Петух в аквариуме – 2, или Как я провел XX век. Новеллы и воспоминания
Шрифт:
– Я думаю, – он тщательно выбивал трубку, вызывая затянувшейся паузой всеобщее напряжение, – я думаю, что товарищ Молотов и товарищ Берия в этом вопросе не правы. Мы не можем недооценивать того огромного вреда, который наносят нашему народу пошлые, безыдейные писания Зощенки и ему подобных. Надо уметь называть вещи так, как они того заслуживают. Не надо бояться критики, не надо бояться, что народ нас не поймет. Если мы будем говорить народу правду, народ нас обязательно поймет… Тут важно другое… – Сталин опять сделал паузу, якобы для того, чтобы разжечь трубку, но на самом деле чтобы взвесить мысль, только что пришедшую ему в голову. – Мало принять хорошее постановление.
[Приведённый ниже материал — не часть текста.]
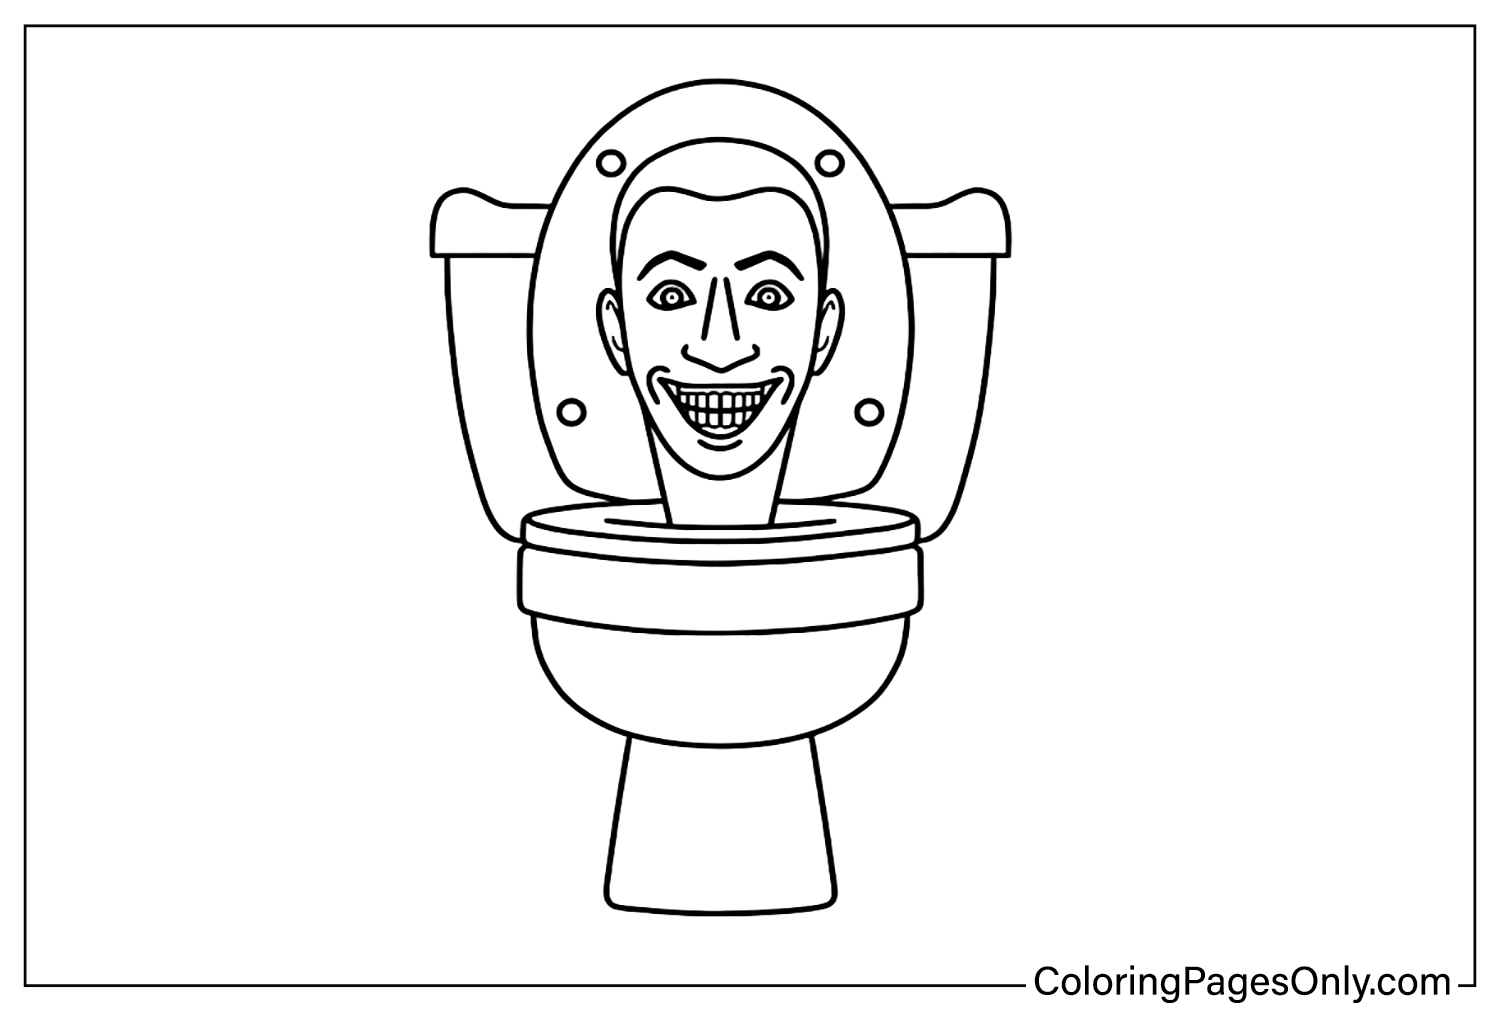 Malvorlagen Skibidi-Toilette zum Ausdrucken von Skibidi-Toilette

Надо его хорошо разъяснить: писателям, редакторам журналов, редакторам
Из дневника студента 2-го курса филфака ЛГУ Ларьки ***:
«…сент. 46
Вызвали в партком, сказали, чтобы послезавтра был на партактиве в Таврич. дворце, слушал докл. о Пост. ЦК по идеологии от лица молодых ком. филфака, докл. будет делать кто-то из Москвы, взять п-порт, п/б и этот пропуск, побриться и с орденом.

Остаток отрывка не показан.